Thursday, December 28, 2006

In Alanis we trust

Among the gems of Alanis Morissette's 2005 release, Alanis Morissette, The Collection, is a great song called "Princes Familiar" from her 1999 MTV Unplugged gig. What I found fantastic are the chorus lines; it's like Alanis was telling me how I should be around my daughter and, come to think of it, those lines do make sense. Please take some time to read the lyrics and reflect on the chorus.

Princes Familiar
Please be philosophical
Please be tapped into your feminity
Please be able to take the wheel from me
Please be crazy and curious

Papa love your princess so that she will find loving princes familiar
Papa cry for your princess so that she will find gentle princes familiar

Please be a sexaholic
Please be unpredictably miserable
Please be self-absorbed much (not the good kind)
Please be addicted to some substance

Papa listen to your princess so that she will find attentive princes familiar
Papa hear your princess so that she will find curious princes familiar

Please be the jerk of my knee i've fit you always
You finish my sentences I think I love you
What is your name again no matter I'm guessing your
thoughts again correctly and I love the way
You press my buttons so much sometimes I could strangle you

Papa laugh with your princess so that she will find funny princes familiar
Papa respect your princess so that she will find respectful princes familiar

Please be strangely enigmatic
Please be just like my

Saturday, December 23, 2006

South Texas Snow?

Yes Virginia, it snows in South Texas. The last time it happened was in 2004 and the Coastal Bend had it's first White Christmas since 1918. For it to snow in South Texas, many meteorological factors have to line up perfectly, and in my 30 plus years, it had never snowed in and around my hometown. I'll leave it to the experts to explain what exactly happened that December, so check out the website of the National Weather Forecast Office in Corpus Christi, TX, http://www.srh.noaa.gov/crp/stories/Christmas2004/christmas_2004.html. It is a fantastic site with amazing radar and satellite imagery, and photographs from the area recalling the storm's path through South Texas. Yes, I said storm. This was no mere dusting of snow that anyone in the northern parts of the state may experience anytime during the winter months, but with snowfall measurements ranging up 12 inches, what much of the Coastal Bend experienced that day, was indeed a winter storm.

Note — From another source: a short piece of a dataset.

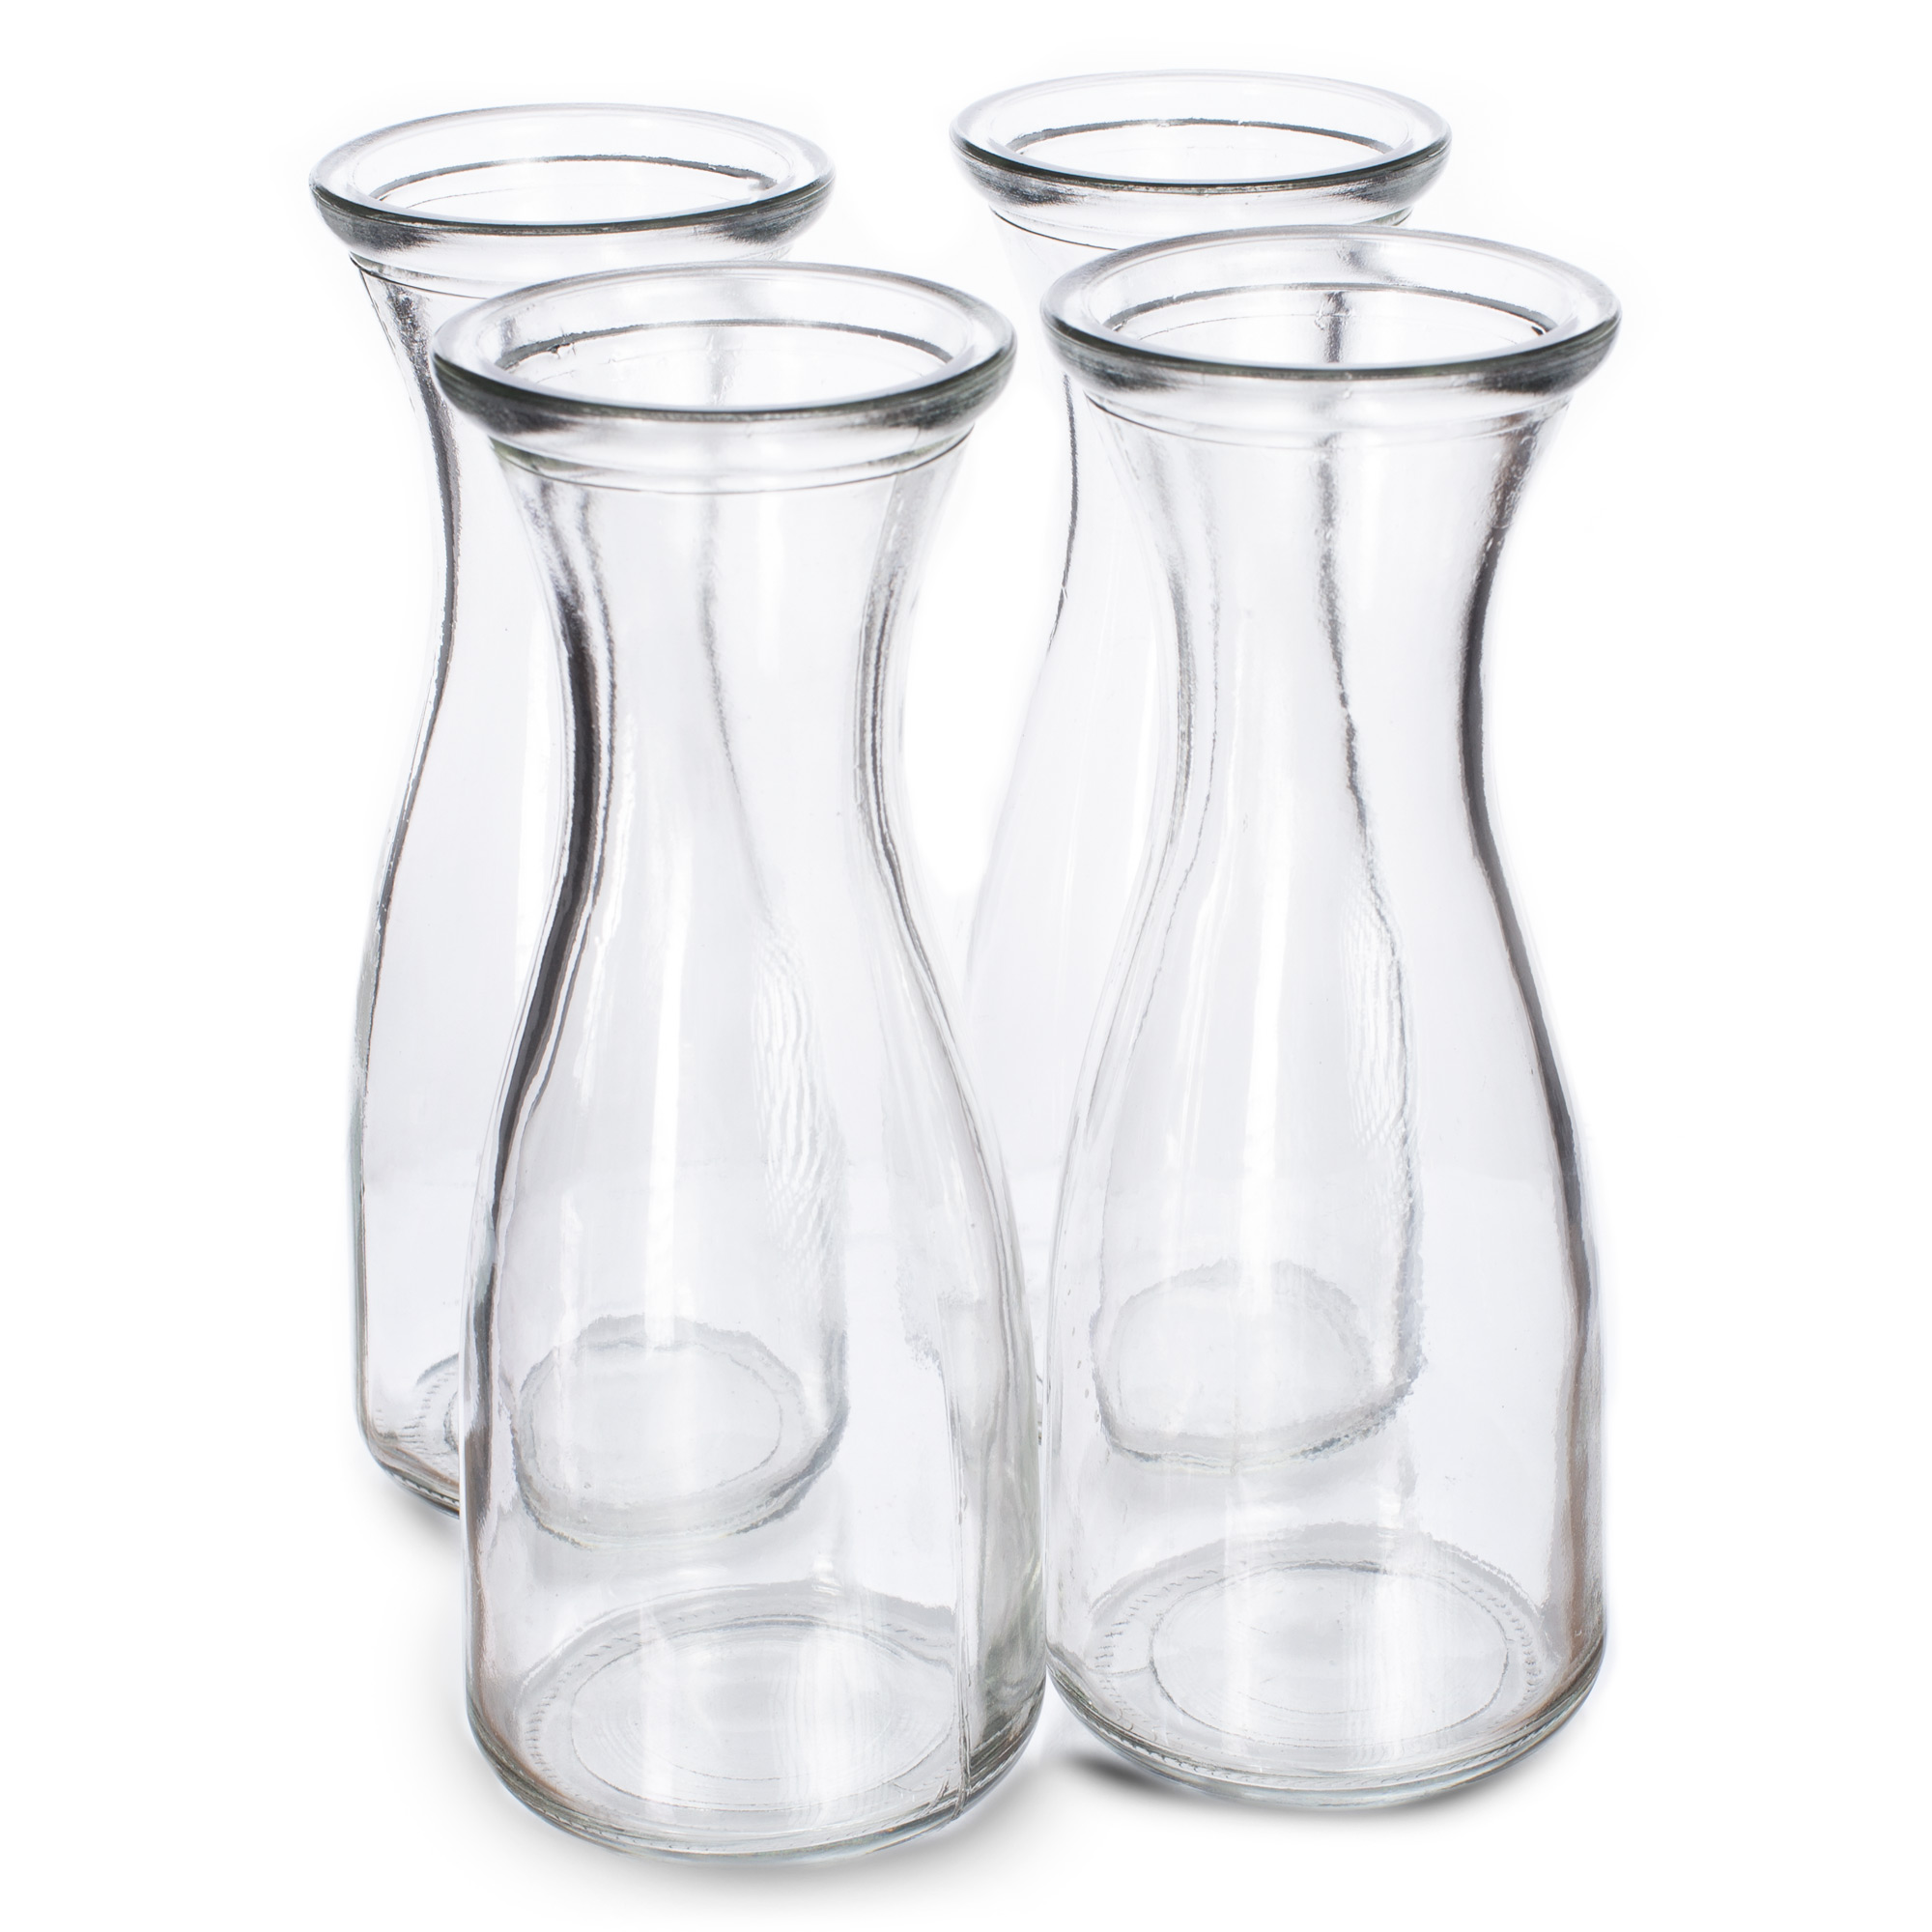 17 oz. (500mL) Glass Beverage Carafe, 4-pack

This has to be my all-time best Christmas. It ranks up there with the time I got my first telescope, as mentioned in a previous entry. The days leading up to Christmas that year were fairly mundane. We were not planning a trip home that Christmas because of time constraints, so we were pretty down about staying in town for the holidays. But those sullen days turned exciting when my wife came home from work earlier that week, to say that she was able to get the 23rd off, which gave us an extra travel day. I, of course, was happy about going home, but I told her this: If we had just the slightest prospect of having a White Christmas here in town, we would stay here. The irony, right!

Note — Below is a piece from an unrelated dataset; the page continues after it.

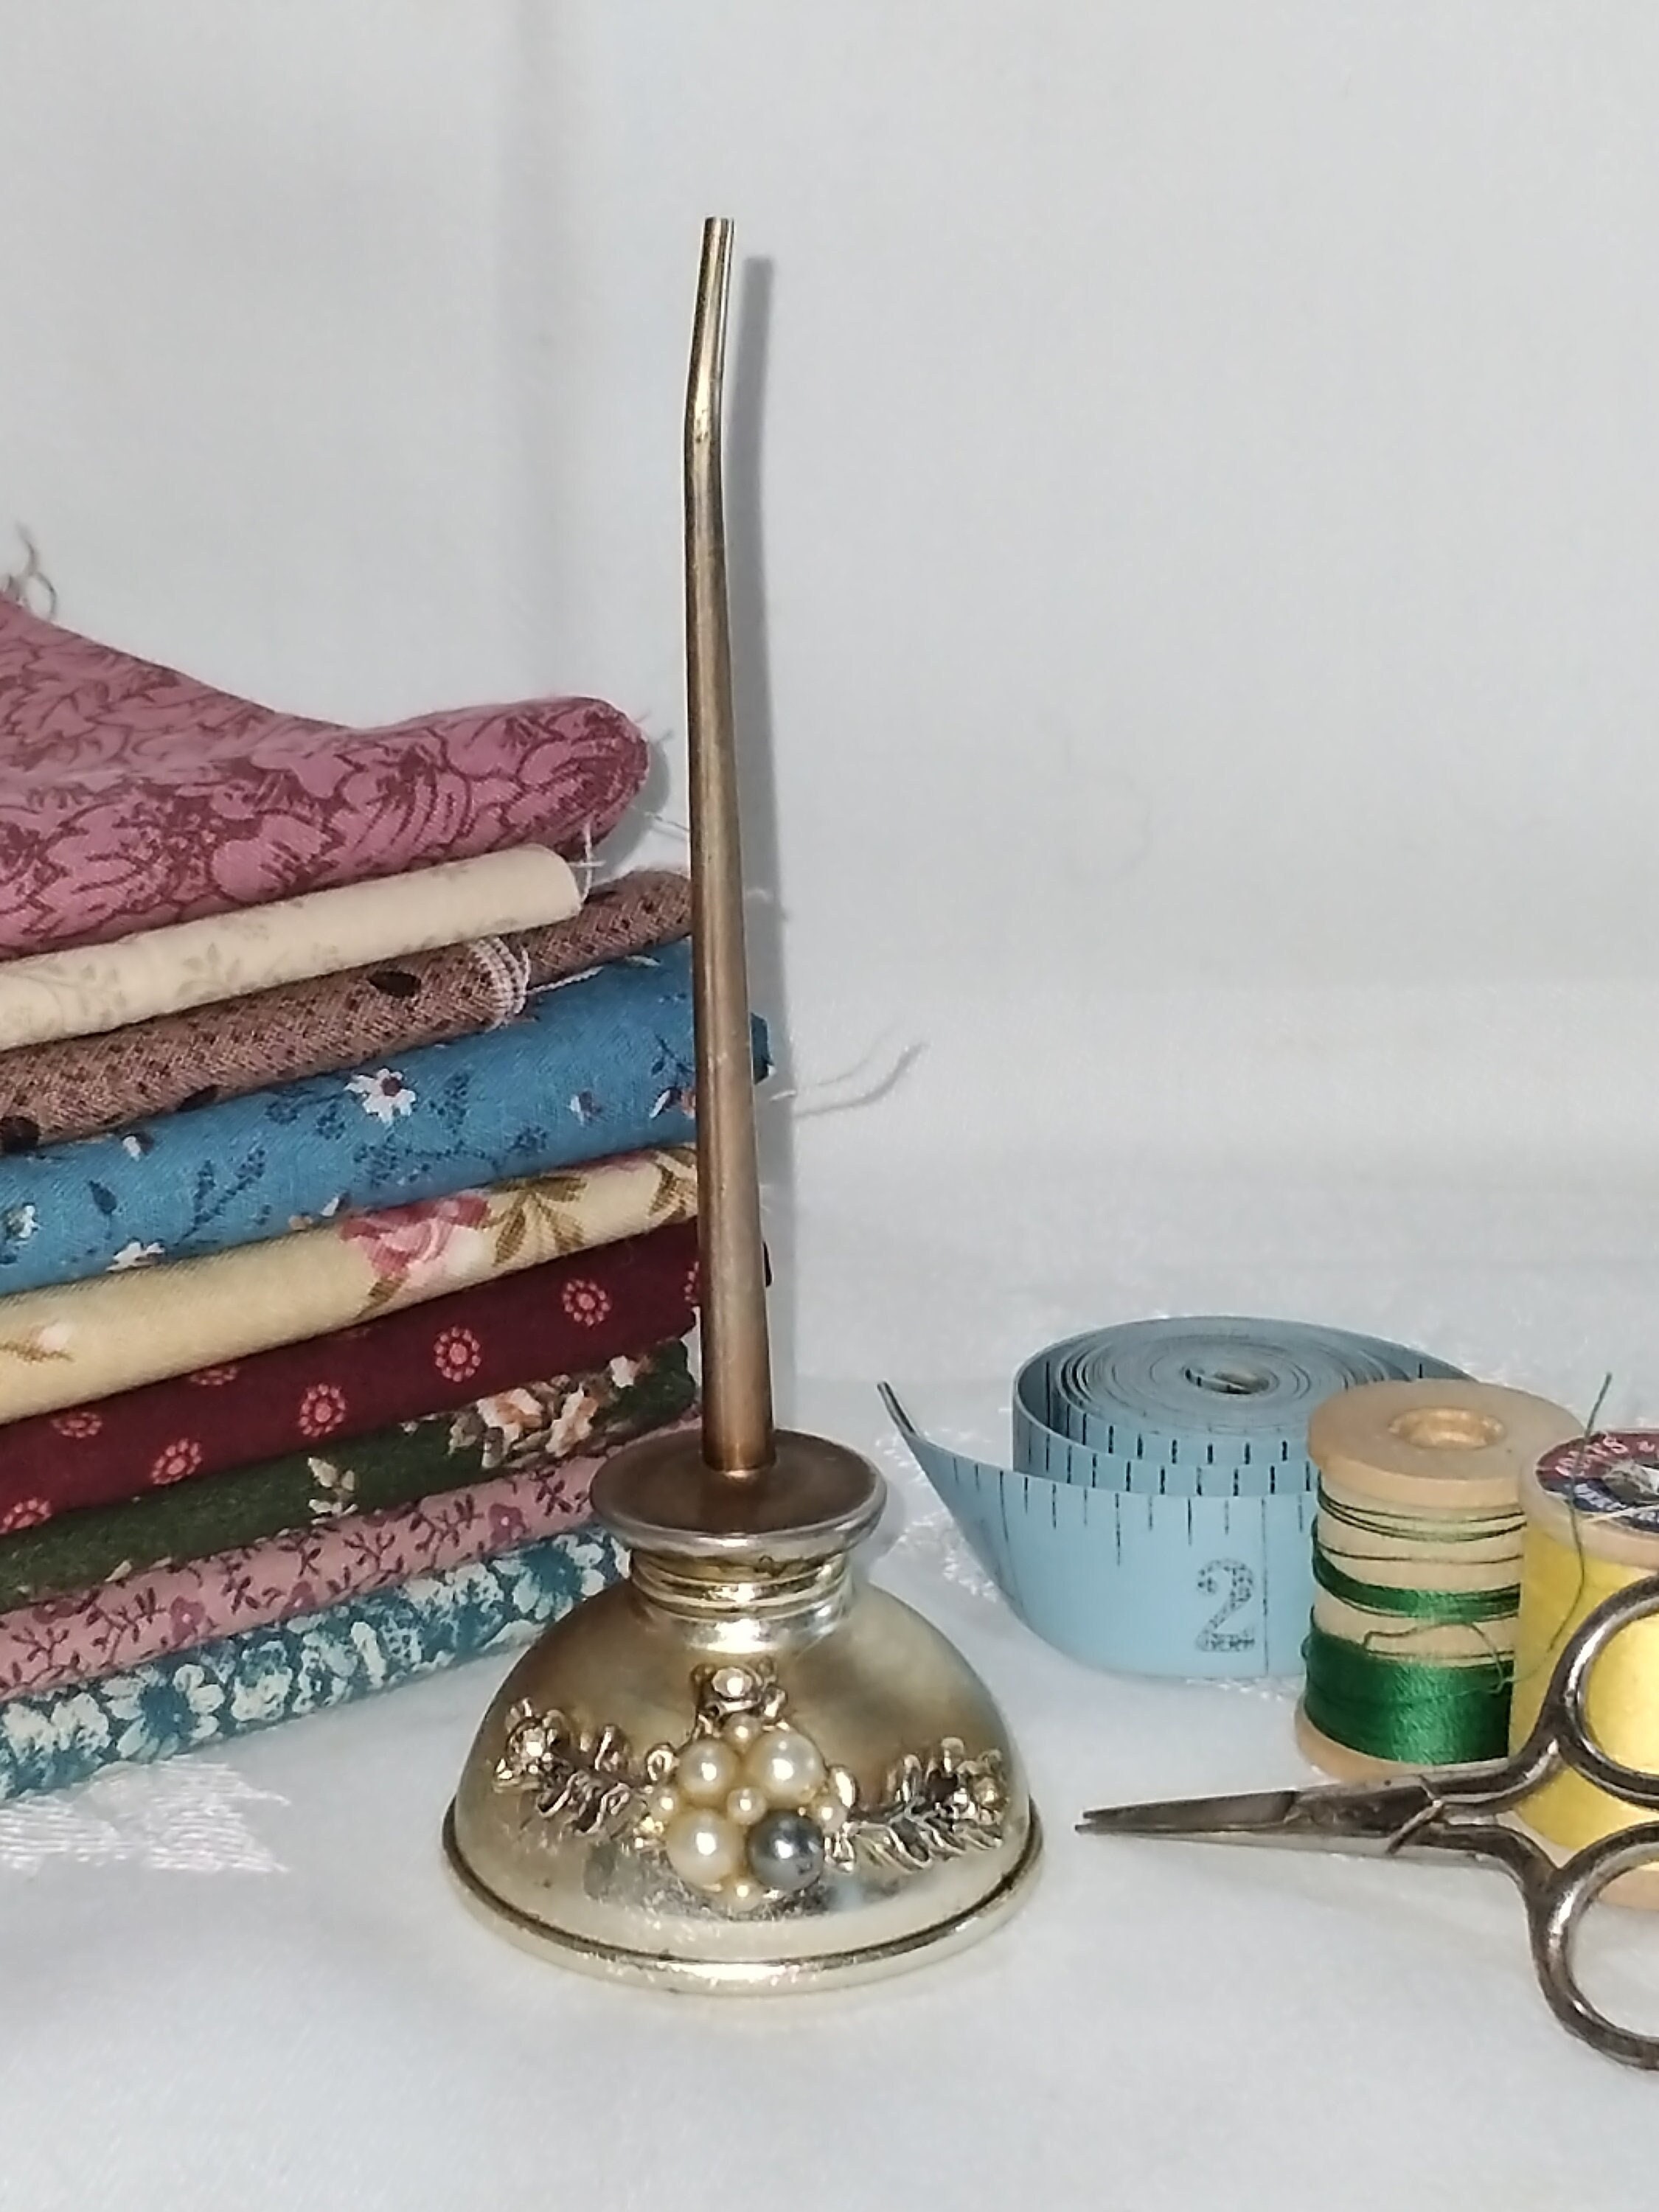 Vintage Singer Sewing Machine 3 Oz Handy Oiler Oil Tin Can Lead Spout -  Ruby Lane

We left north Texas with snow on the ground and the temperatures hovering in the low 30s and as we trekked south, the temperature did not creep higher as it usually does anytime through the year. I know that before we left for home that there was an outside chance of some sort wintry mix over the holiday, so I kept that in mind as we drove home. Nothing frozen fell from the sky the 23rd, but Christmas Eve would be vastly different.

As the 23rd became the 24th, the weather folks said that we had a good chance of the frozen stuff, namely sleet and maybe a few flurries. They were right as we had a couple shots of sleets in the afternoon, with an occasional snowflake thrown in for good measure. As the afternoon progressed into evening, the sleet stopped and the white stuff turned from hard, icy pellets but to floating flakes of snow. Being a weather nut, I turned the TV onto the Weather Channel and by this time, we noticed that we were under a winter storm warning! What the...!!! Yep, this became the stuff you hear about happening somewhere "way up north," where they're used to this kind of precipitation. Even the Weather Channel's winter weather expert beamed with excitement to see this type of weather occurrence happen so far south! My brother and I ventured out after sundown and watched the flakes grow larger and with much more intensity and velocity. So here we are in South Texas, near Corpus Christi, on Christmas Eve, and we find ourselves right in the middle of a winter storm.

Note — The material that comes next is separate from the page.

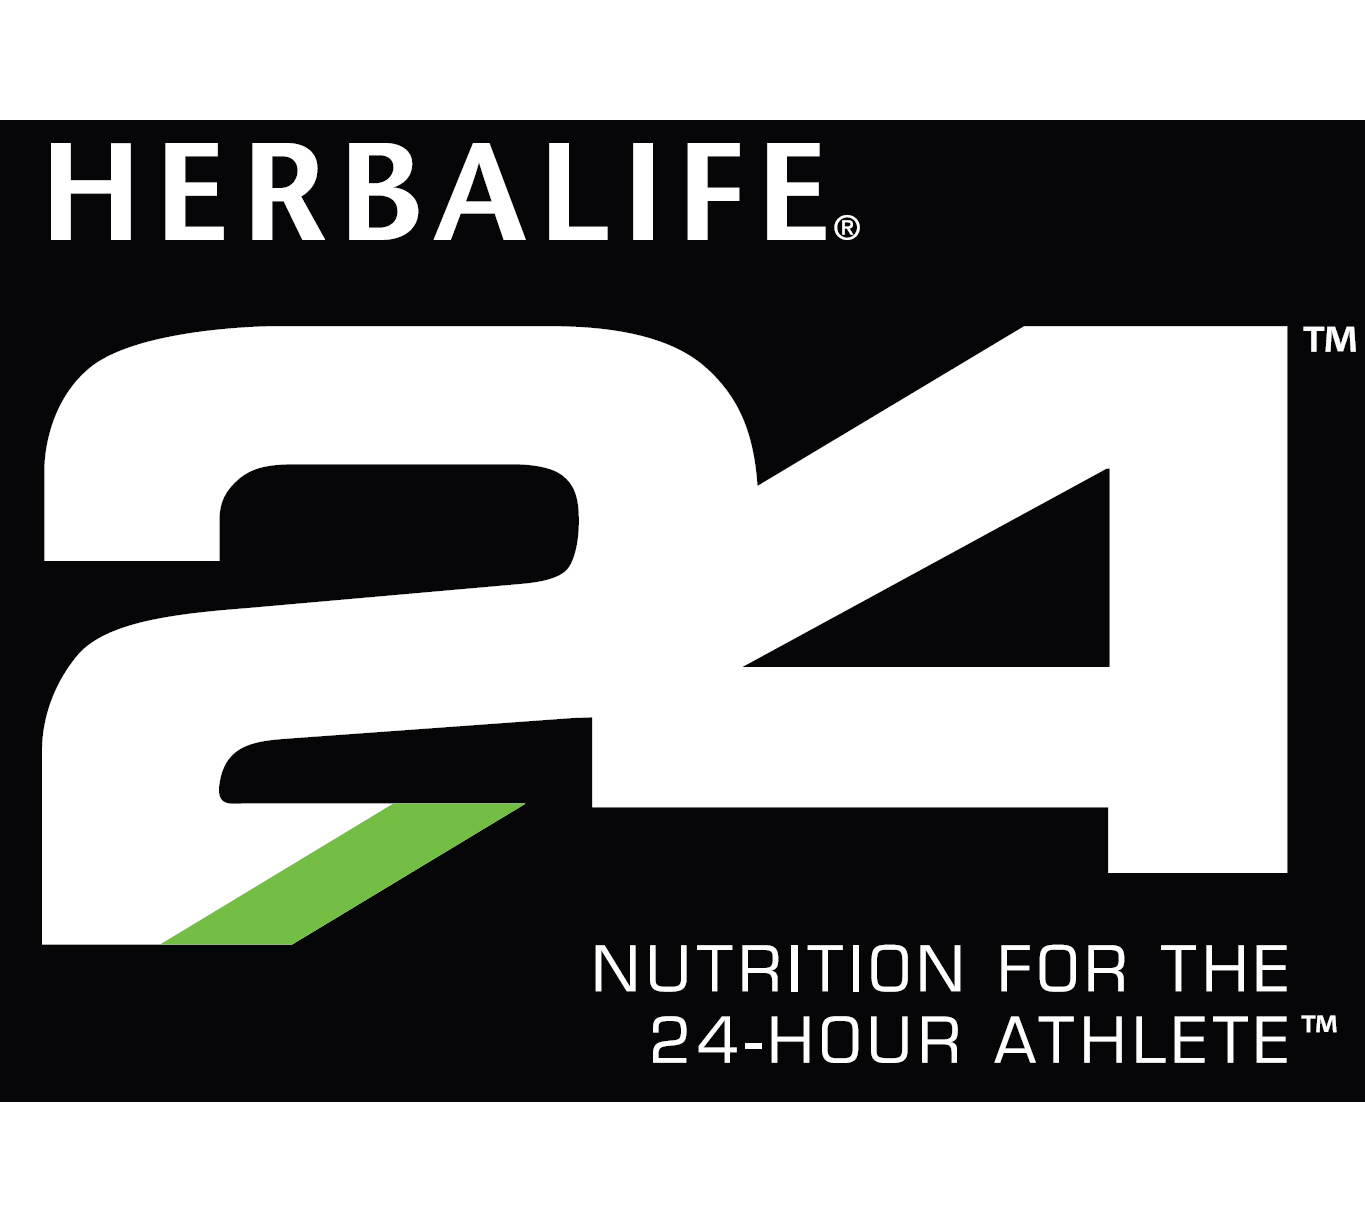 Herbalife 24 Logo Related Keywords, Herbalife 24 Logo. keywordhungry.com.

My aunt and uncle from Austin were driving into town, but were caught in the storm about 60 miles, or about a hour drive's away, but they didn't arrive until after 10pm. What is usually a 3 hour drive became about a 7 hour ordeal. My uncle said that he drove with his head almost out of the car's window, going about 20 miles an hour. No wonder they took so long to get home!

We all turned in early and didn't realize how much snow had fallen overnight. My dad, having worked overnight, woke us up and cheered us on to see what Mother Nature had left for us this Christmas morning. What greet us was simply awe inspiring: a winterland landscape with lawns and cars buried under several inches of snow, and all framed with crystal-blue skies (the snowstorm of the night had moved quickly away from the coast by daybreak). Needless to say I clicked away my camera's film, so much so that I had to borrow my mom's last roll of film. My aunt and uncle who drove through the storm just hours earlier, drove by while while I took pictures and asked if we had anymore film because all the stores in town had run out!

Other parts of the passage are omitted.